Extracted data:

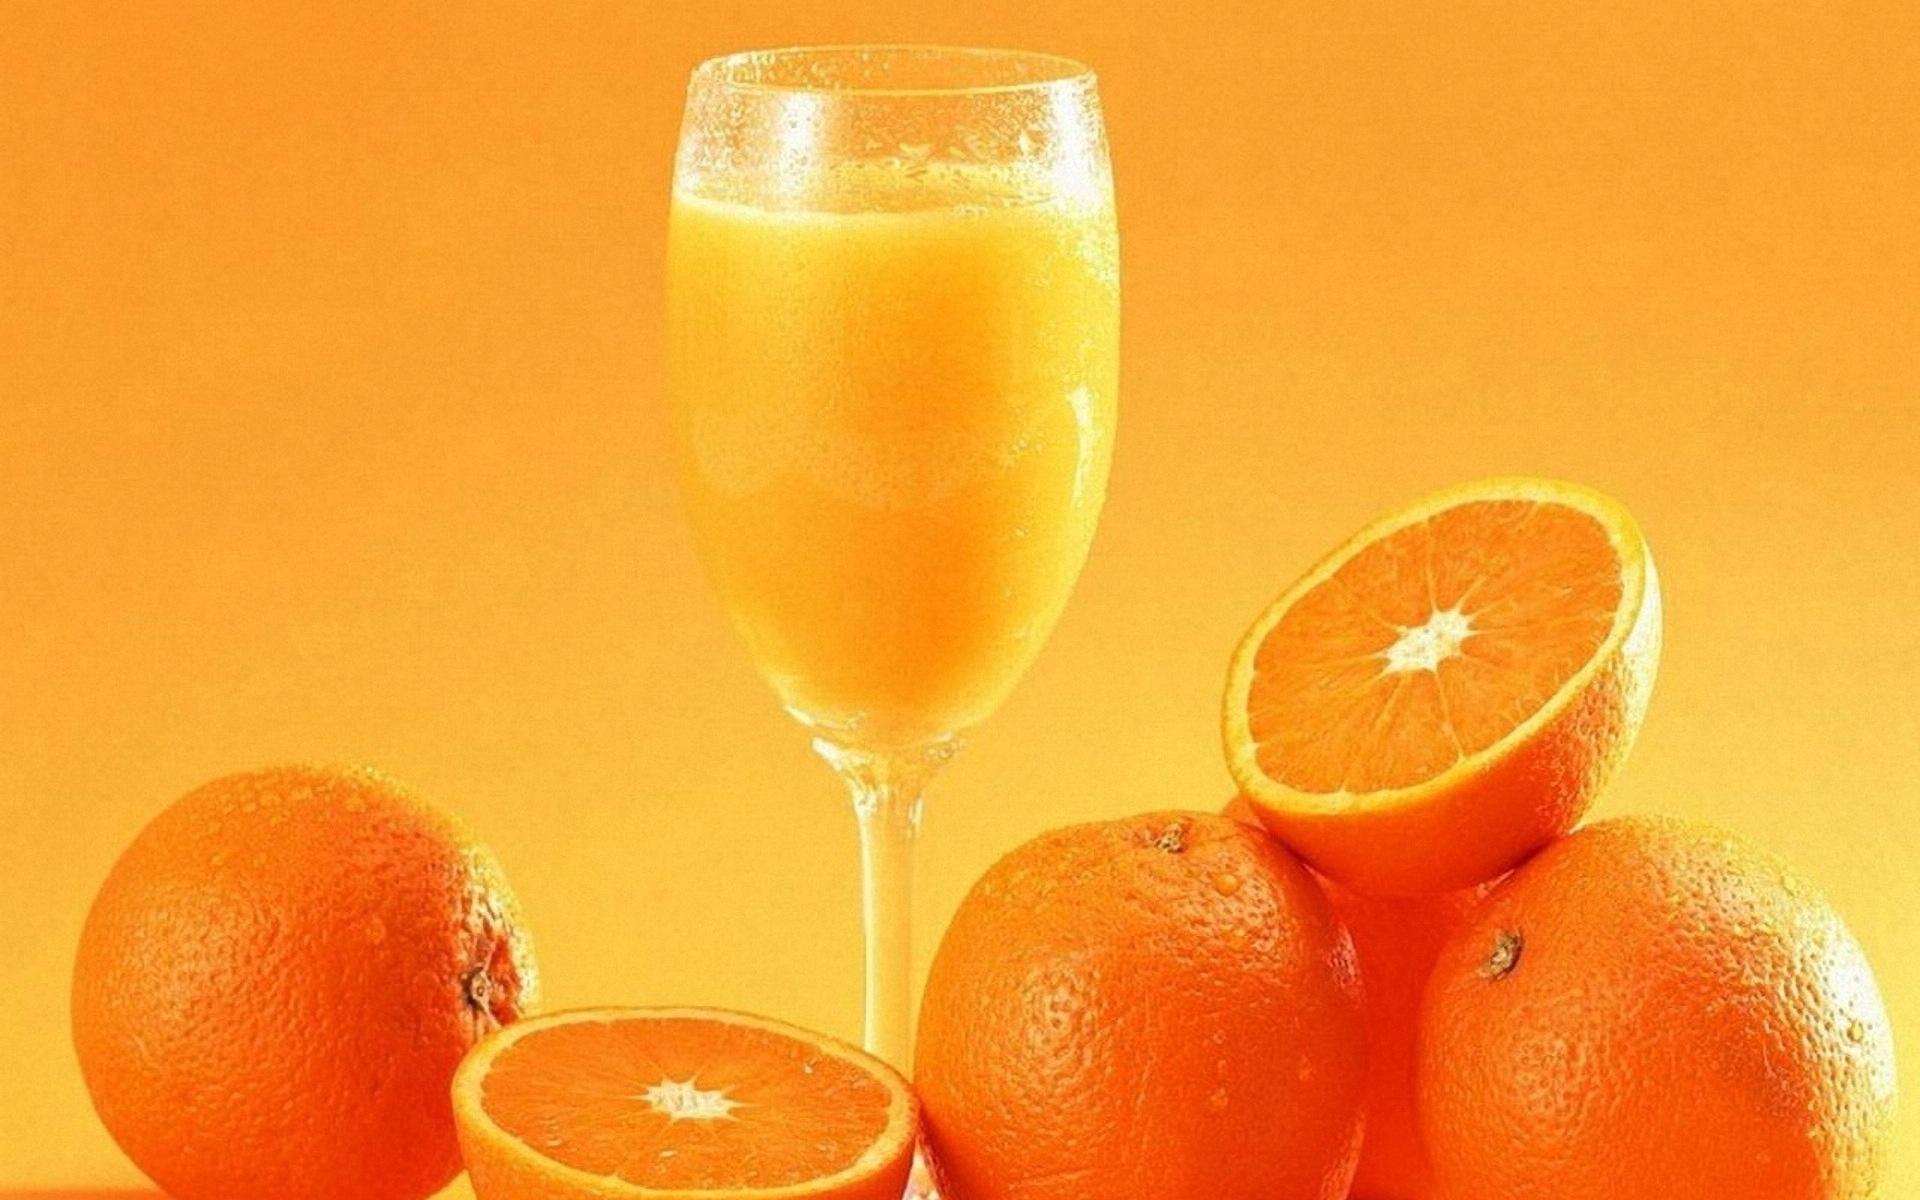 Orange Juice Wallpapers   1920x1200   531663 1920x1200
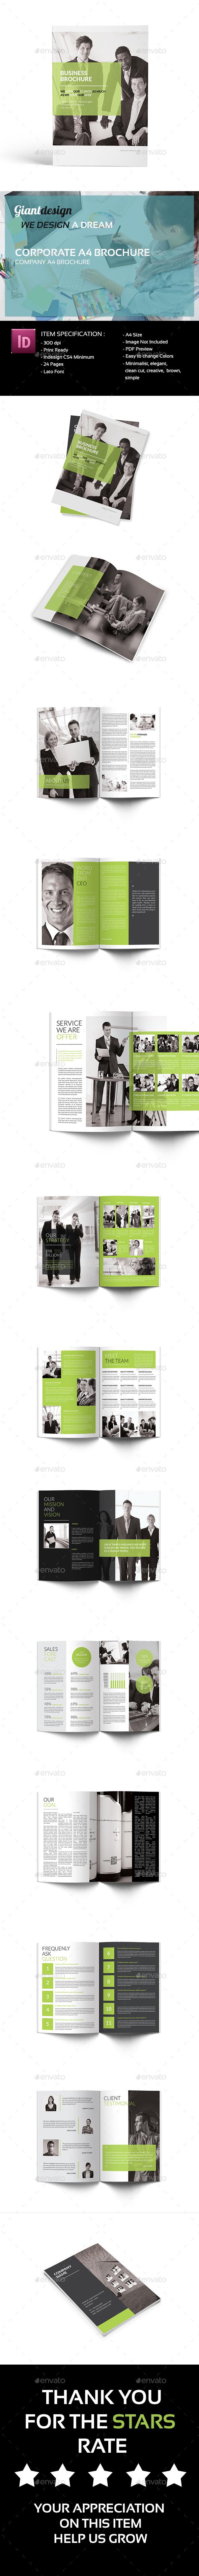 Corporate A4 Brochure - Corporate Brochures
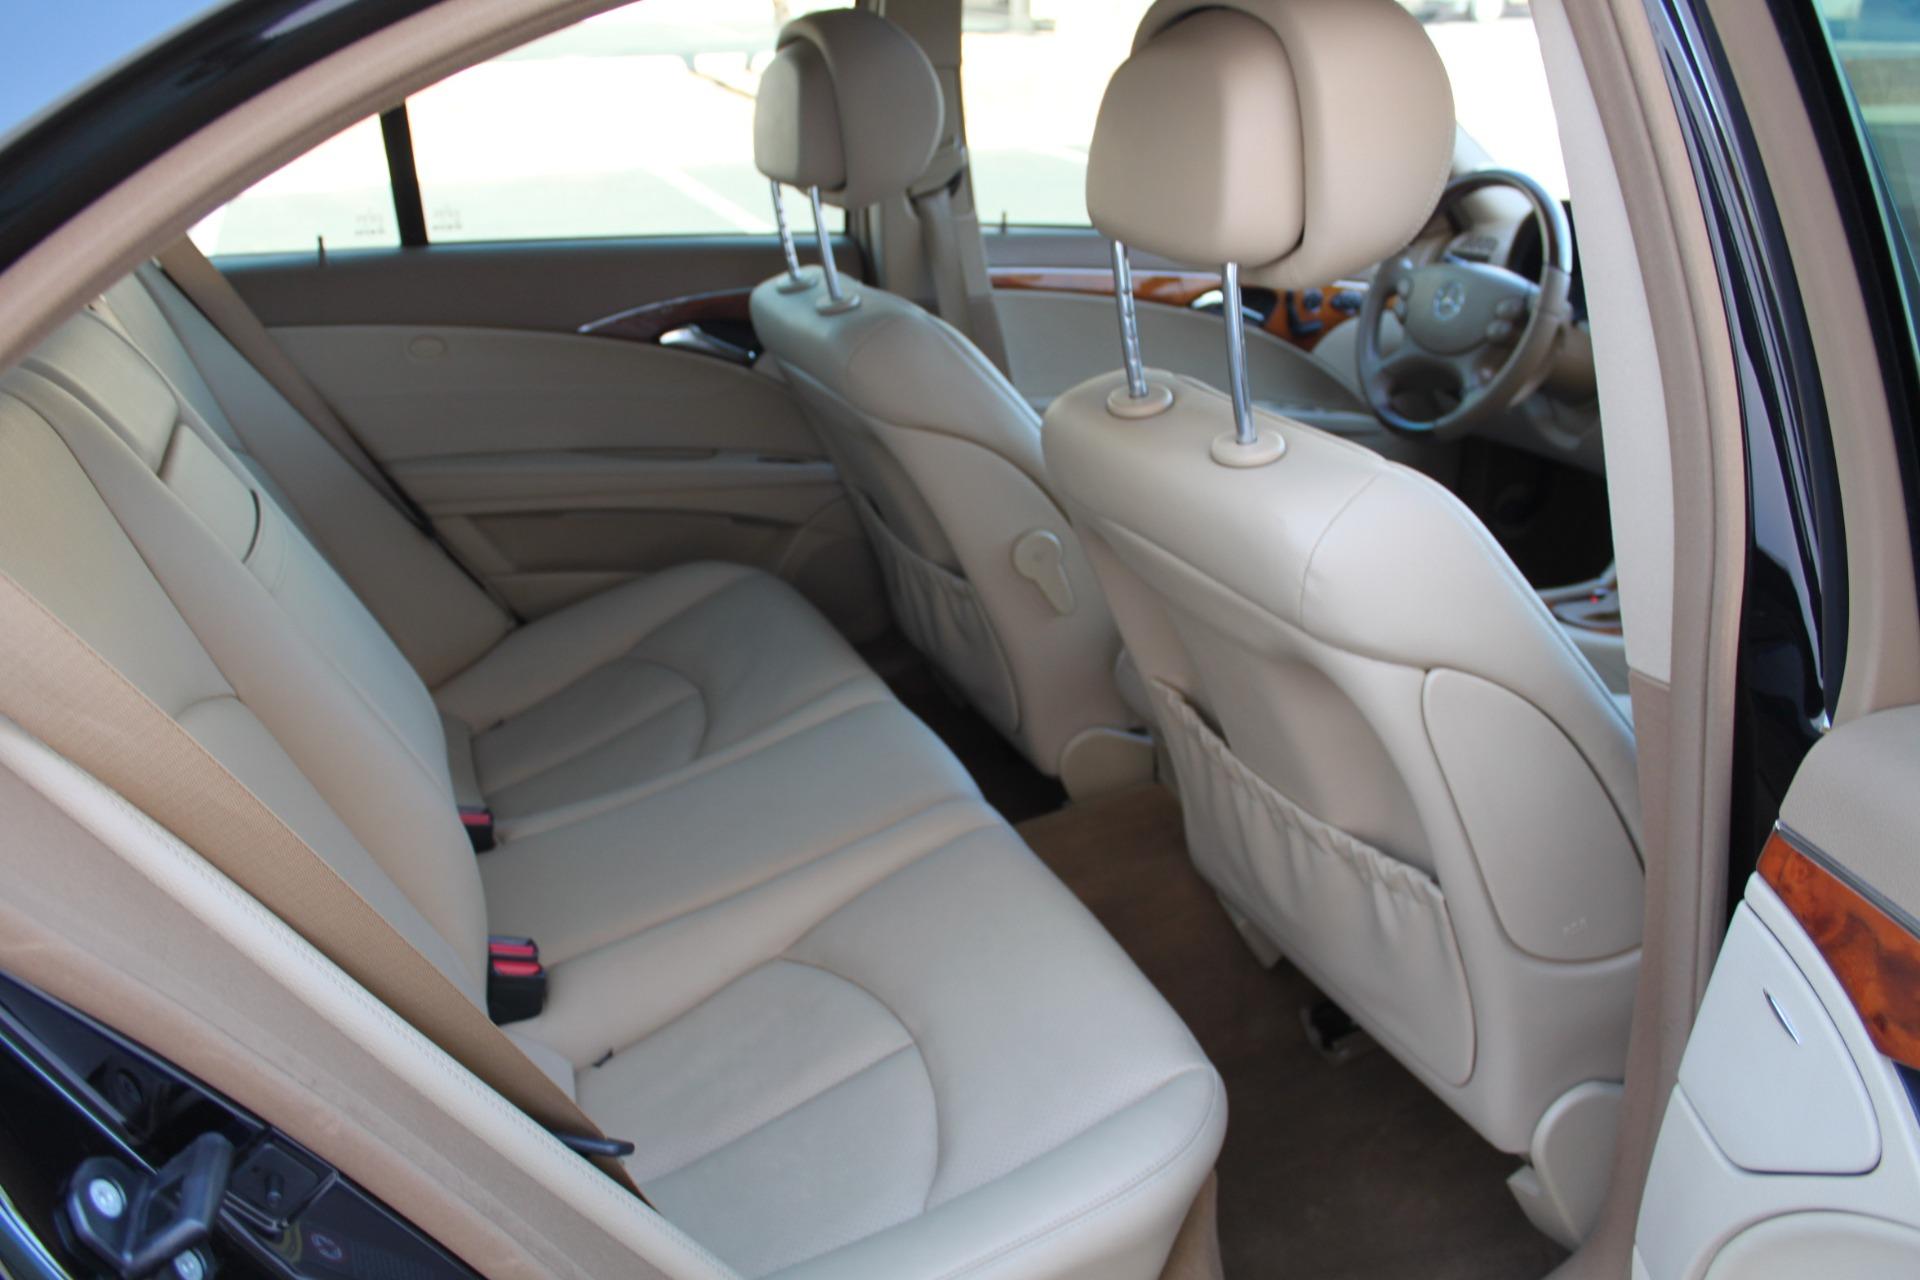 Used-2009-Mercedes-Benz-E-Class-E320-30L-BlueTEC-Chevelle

* * *

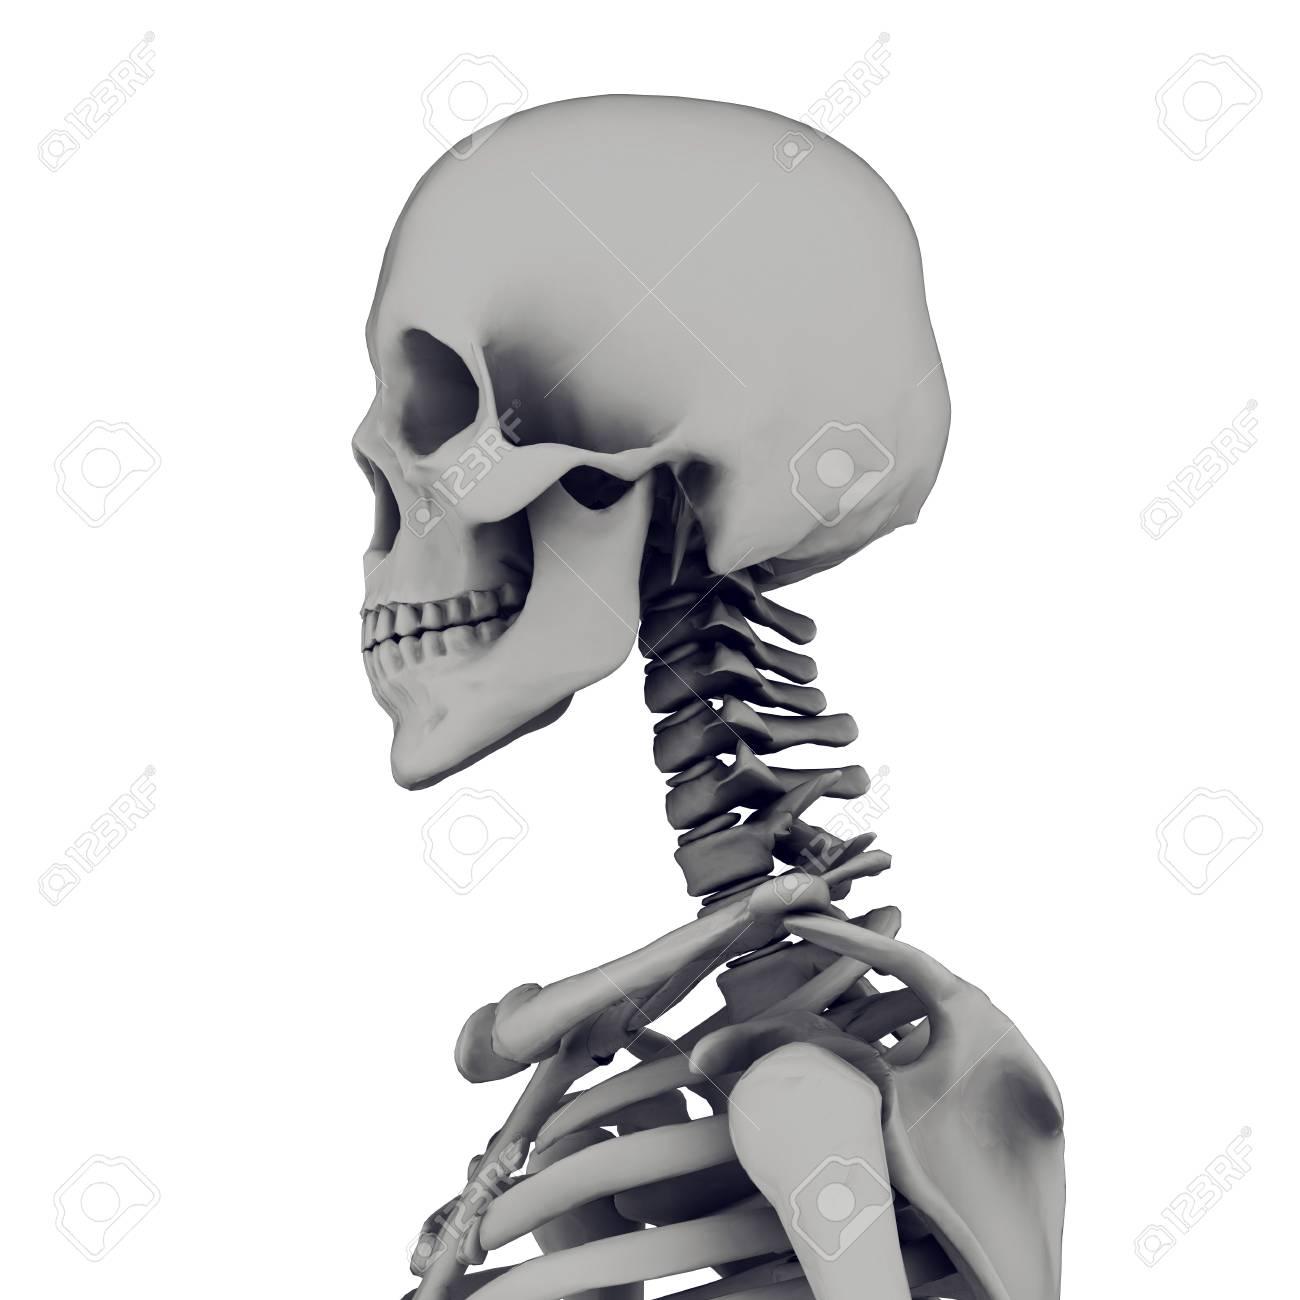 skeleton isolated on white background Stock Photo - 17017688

Activity:
Set the pictures aside and transcribe exactly the stretch of lines above, beginning with the one holding "Orange Juice Wallpapers" and ending with the one holding "Used-2009-Mercedes-Benz-E-Class-E320-30L-BlueTEC-Chevelle".

Written solution:
 Orange Juice Wallpapers   1920x1200   531663 1920x1200
 Corporate A4 Brochure - Corporate Brochures
 Used-2009-Mercedes-Benz-E-Class-E320-30L-BlueTEC-Chevelle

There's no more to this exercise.